The problem:
Whenever a picture appears, leave it out while repeating all the other data exactly.
BEGIN Input data
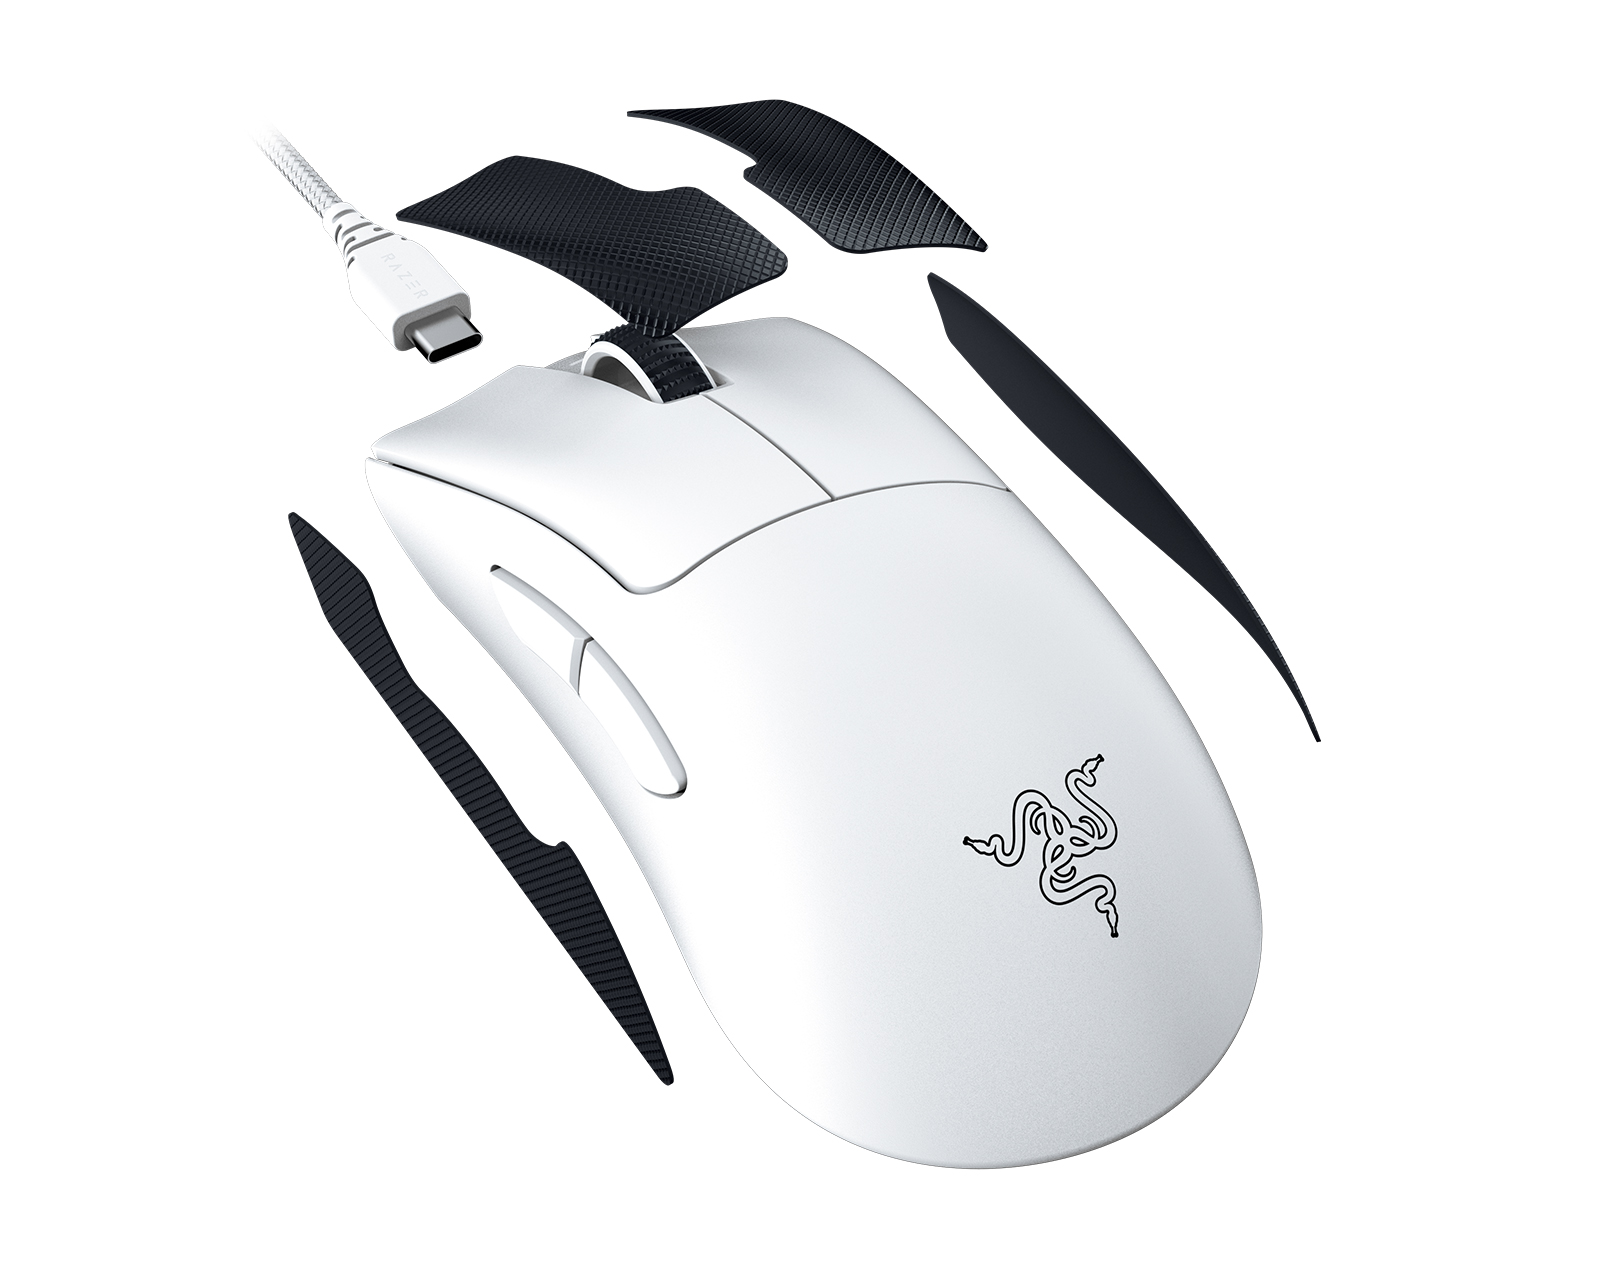 Razer DeathAdder V3 Pro Lightweight Wireless Gaming Mouse - White
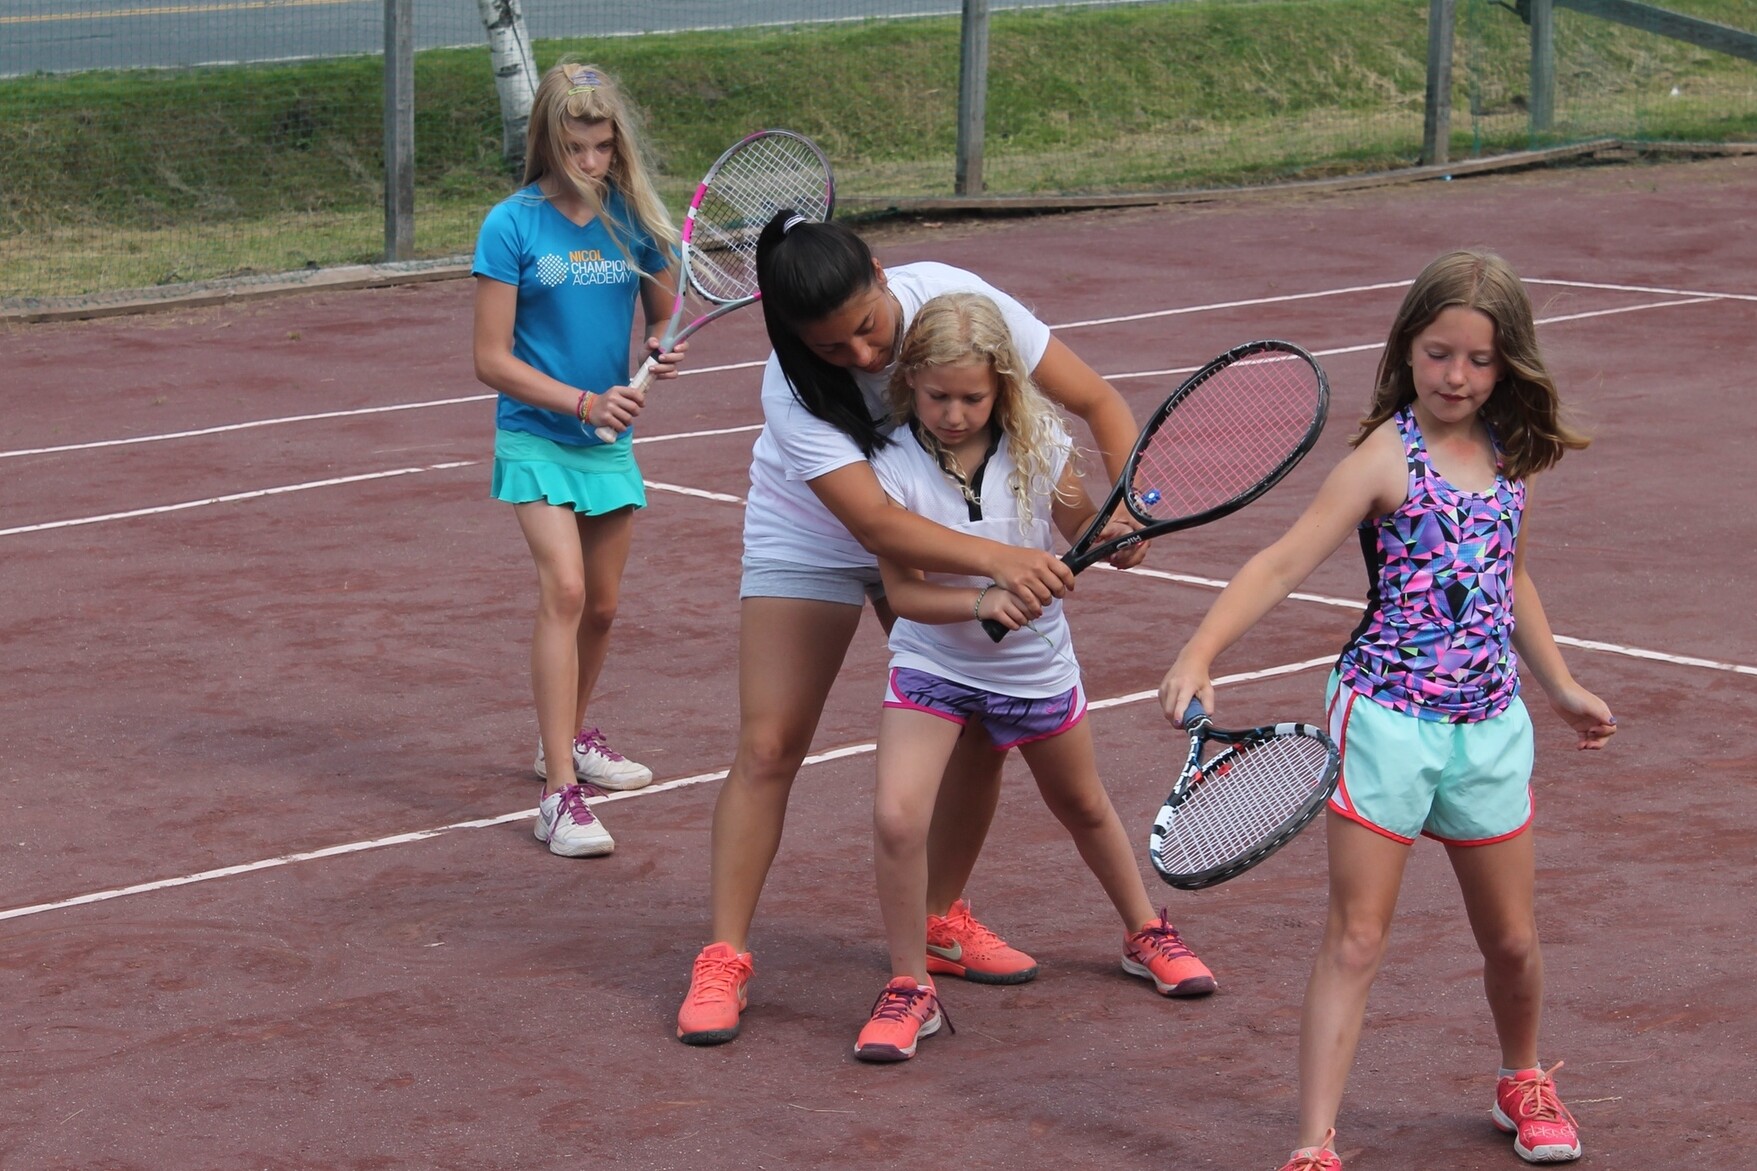 windridge tennis campers playing tennis
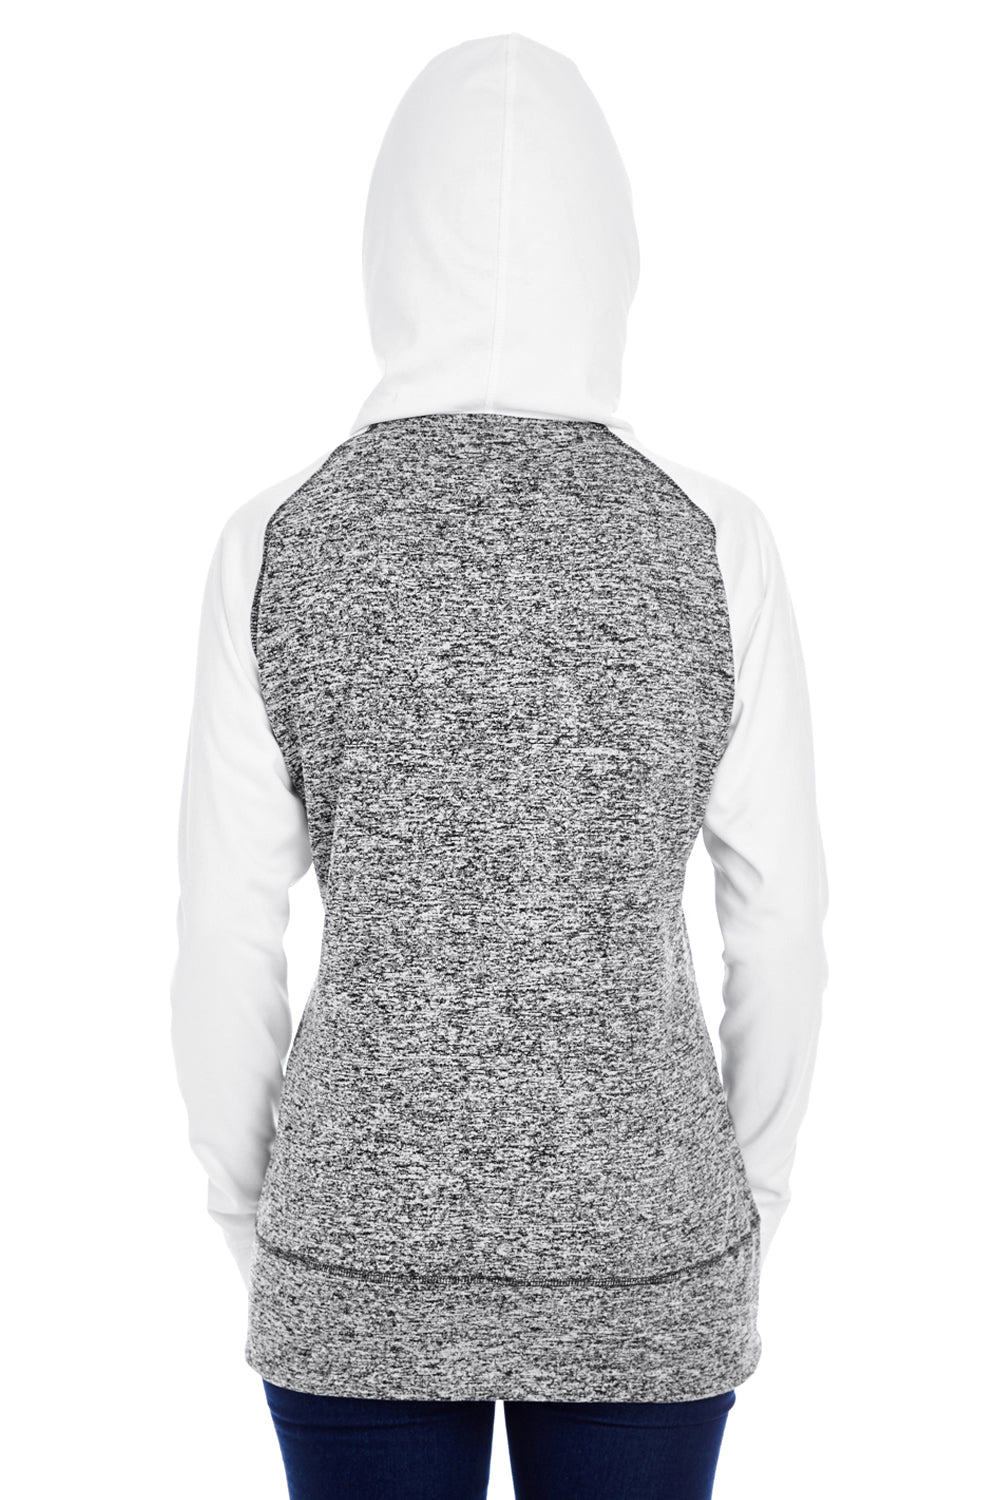 J America JA8618 Womens Cosmic Fleece Hooded Sweatshirt Hoodie Charcoal Grey/White Back
END Input data
Solution for this task:
 Razer DeathAdder V3 Pro Lightweight Wireless Gaming Mouse - White
 windridge tennis campers playing tennis
 J America JA8618 Womens Cosmic Fleece Hooded Sweatshirt Hoodie Charcoal Grey/White Back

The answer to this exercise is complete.